Я понимаю, как сильно компрометируется Лопухов в глазах просвещенной
публики сочувствием Марьи Алексевны к его образу мыслей. Но я не хочу давать
потачки никому и не прячу этого обстоятельства, столь вредного для репутации
Лопухова, хоть и доказал, что мог утаить такую дурную сторону отношений
Лопухова в семействе Розальских; я делаю даже больше: я сам принимаюсь
объяснять, что он именно заслуживал благосклонность Марьи Алексевны.
Действительно, из разговора Лопухова с Верочкою обнаруживается, что
образ его мыслей гораздо легче мог показаться хорош людям вроде Марьи
Алексевны, чем красноречивым партизанам разных прекрасных идей {39}. Лопухов
видел вещи в тех самых чертах, в каких представляются они всей массе рода
человеческого, кроме партизанов прекрасных идей. Если Марья Алексевна могла
повторить с удовольствием от своего лица его внушения Верочке по вопросу о
предложении Сторешникова, то и он мог бы с удовольствием подписать "правда"
под ее пьяною исповедью Верочке. Сходство их понятий было так велико, что
просвещенные и благородные романисты, журналисты и другие поучатели нашей
публики давно провозгласили: "эти люди вроде Лопухова ничем не разнятся от
людей вроде Марьи Алексевны". Если столь просвещенные и благородные писатели
так поняли людей вроде Лопухова, то неужели мы будем осуждать Марью
Алексевну за то, что она не рассмотрела в Лопухове ничего, кроме того, что
поняли в людях его разряда лучшие наши писатели, мыслители и назидатели?
Конечно, если бы Марья Алексевна знала хотя половину того, что знают
эти писатели, у ней достало бы ума сообразить, что Лопухов плохая компания
для нее. Но, кроме того, что она была женщина неученая, она имеет и другое
извинение своей ошибке: Лопухов не договаривался с нею до конца. Он был
пропагандист, но не такой, как любители прекрасных идей, которые постоянно
хлопочут о внушении Марьям Алексевнам благородных понятий, какими восхищены
сами в себе. Он имел столько рассудительности, чтобы не выпрямлять
5О-летнего дерева. Он и она понимали факты одинаково и толковали о них.
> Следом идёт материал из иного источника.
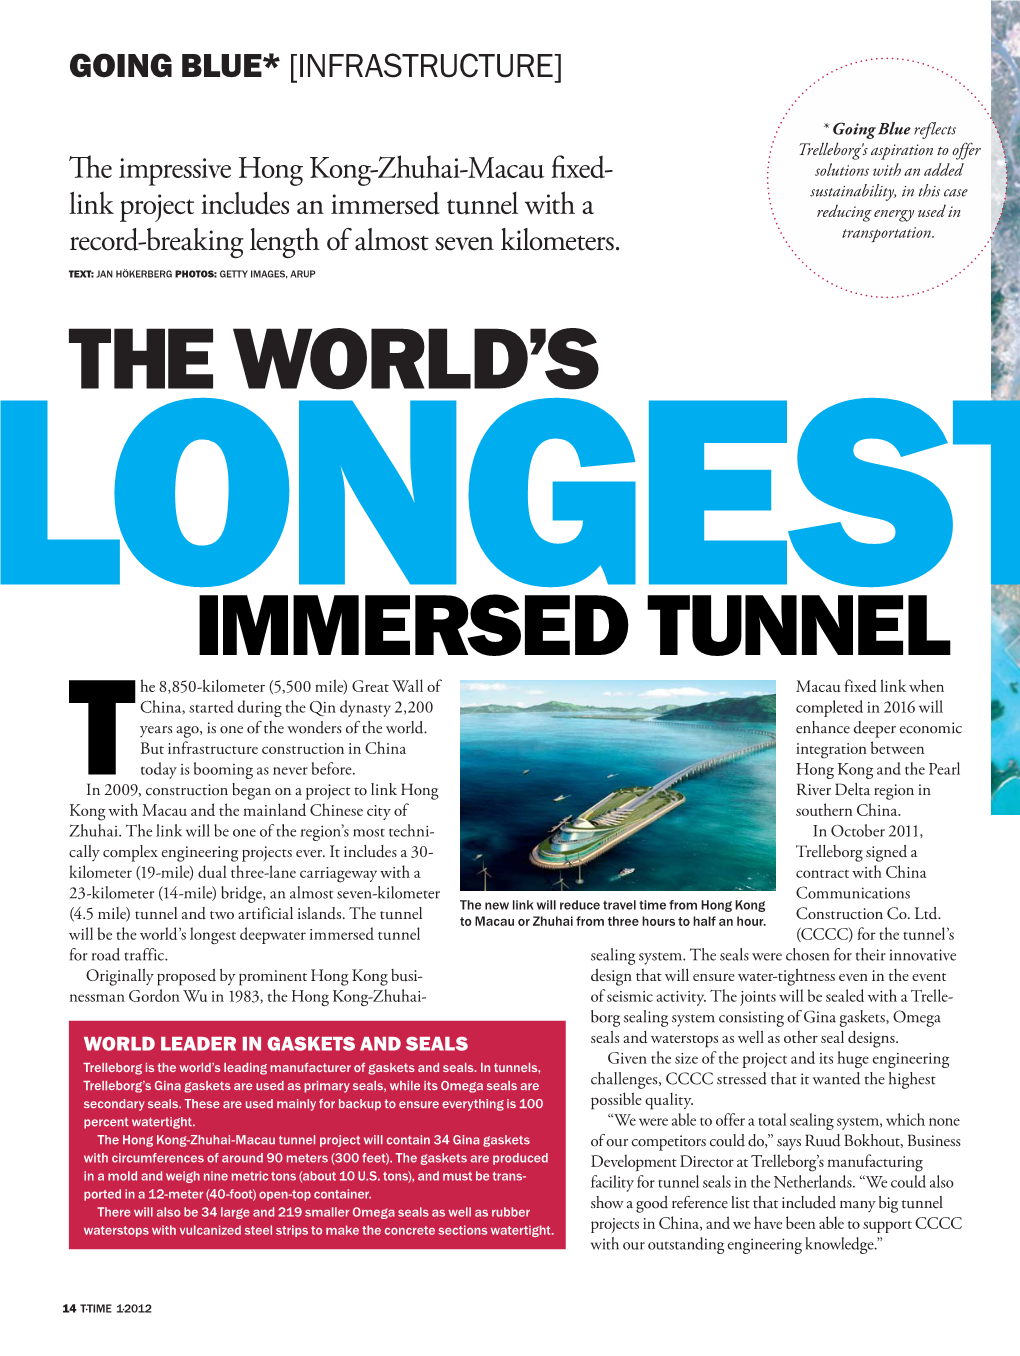 Immersed Tunnel the World's
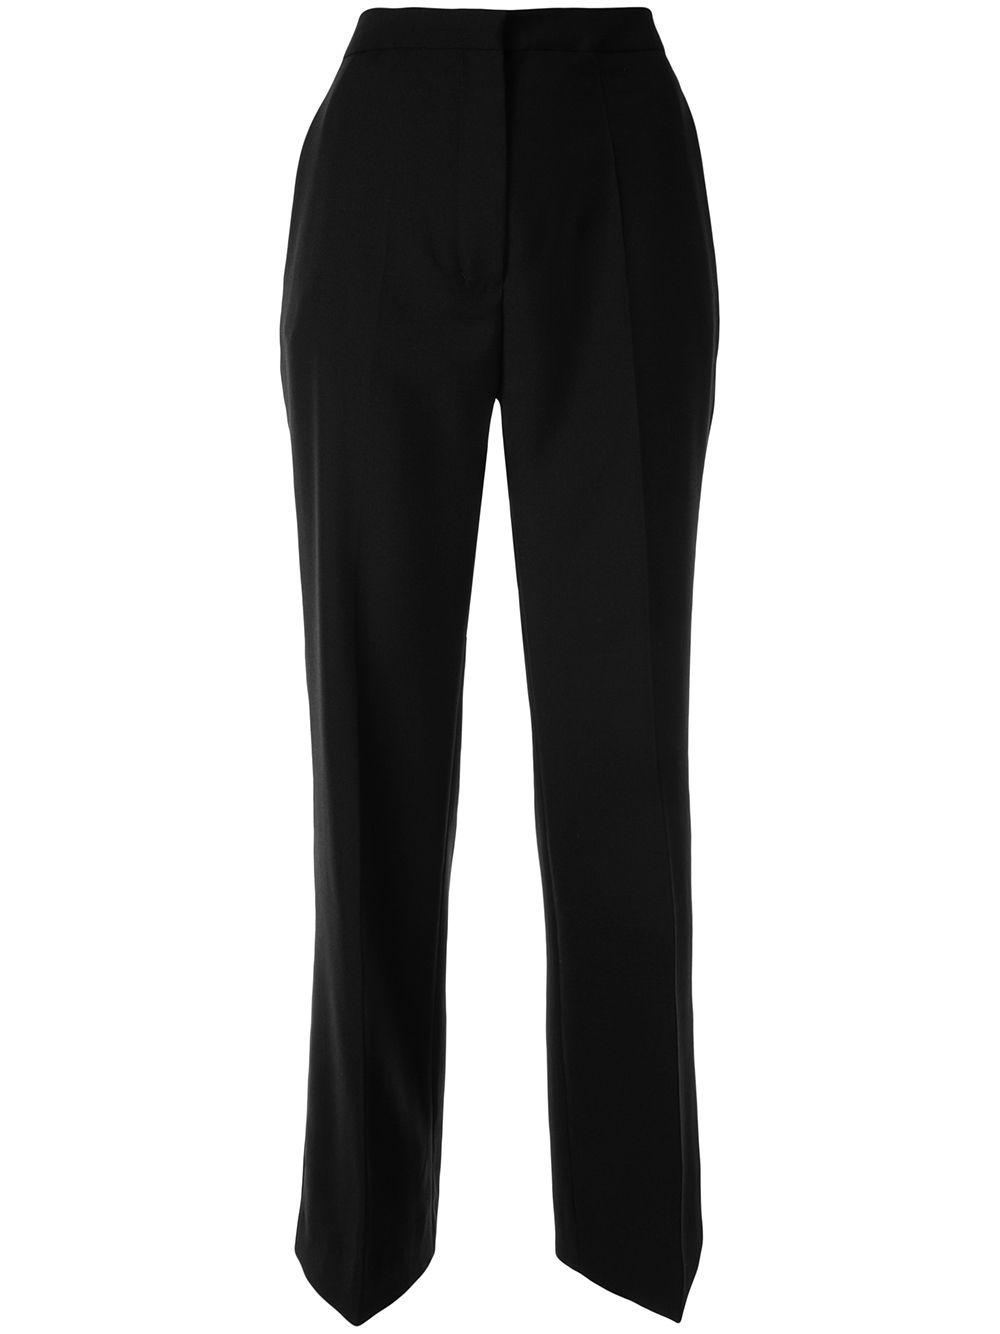 Ports 1961 Wool Tailored Flared Trousers in Black - Lyst

Как
человек, теоретически образованный, он мог делать из фактов выводы, которых
не умели делать люди, подобные Марье Алексевне, не знающие ничего, кроме
обыденных личных забот да ходячих афоризмов простонародной общечеловеческой
мудрости: пословиц, поговорок и тому подобных старых и старинных, древних и
ветхих изречений. Но до выводов у них дело не доходило. Если бы, например,
он стал объяснять, что такое "выгода", о которой он толкует с Верочкою, быть
может, Марья Алексевна поморщилась бы, увидев, что выгода этой выгоды не
совсем сходна с ее выгодою, но Лопухов не объяснял этого Марье Алексевне, а
в разговоре с Верочкою также не было такого объяснения, потому что Верочка
знала, каков смысл этого слова в тех книгах, по поводу которых они вели свой
разговор. Конечно, и то правда, что, подписывая на пьяной исповеди Марьи
Алексевны "правда", Лопухов прибавил бы: "а так как, по вашему собственному
признанию, Марья Алексевна, новые порядки лучше прежних, то я и не запрещаю
хлопотать о их заведении тем людям, которые находят себе в том удовольствие;
что же касается до глупости народа, которую вы считаете помехою заведению
новых порядков, то, действительно, она помеха делу; но вы сами не будете
спорить, Марья Алексевна, что люди довольно скоро умнеют, когда замечают,
что им выгодно стало поумнеть, в чем прежде не замечалась ими надобность; вы
согласитесь также, что прежде и не было им возможности научиться уму-разуму,
а доставьте им эту возможность, то, пожалуй, ведь они и воспользуются ею".
Но до этого он не договаривался с Марьею Алексевною, и даже не по
осторожности, хотя был осторожен, а просто по тому же внушению здравого
смысла и приличия, по которому не говорил с нею на латинском языке и не
утруждал ее слуха очень интересными для него самого рассуждениями о новейших
успехах медицины: он имел настолько рассудка и деликатности, чтобы не мучить
человека декламациями, непонятными для этого человека.
Но все это я говорю только в оправдание недосмотра Марьи Алексевны, не
успевшей вовремя раскусить, что за человек Лопухов, а никак не в оправдание
самому Лопухову. Лопухова оправдывать было бы нехорошо, а почему нехорошо,
узришь ниже. Люди, которые, не оправдывая его, захотели бы, по человеколюбию
своему, извинить его, не могли бы извинить. Например, они сказали бы в
извинение ему, что он был медик и занимался естественными науками, а это
располагает к материалистическому взгляду. Но такое извинение очень плохо.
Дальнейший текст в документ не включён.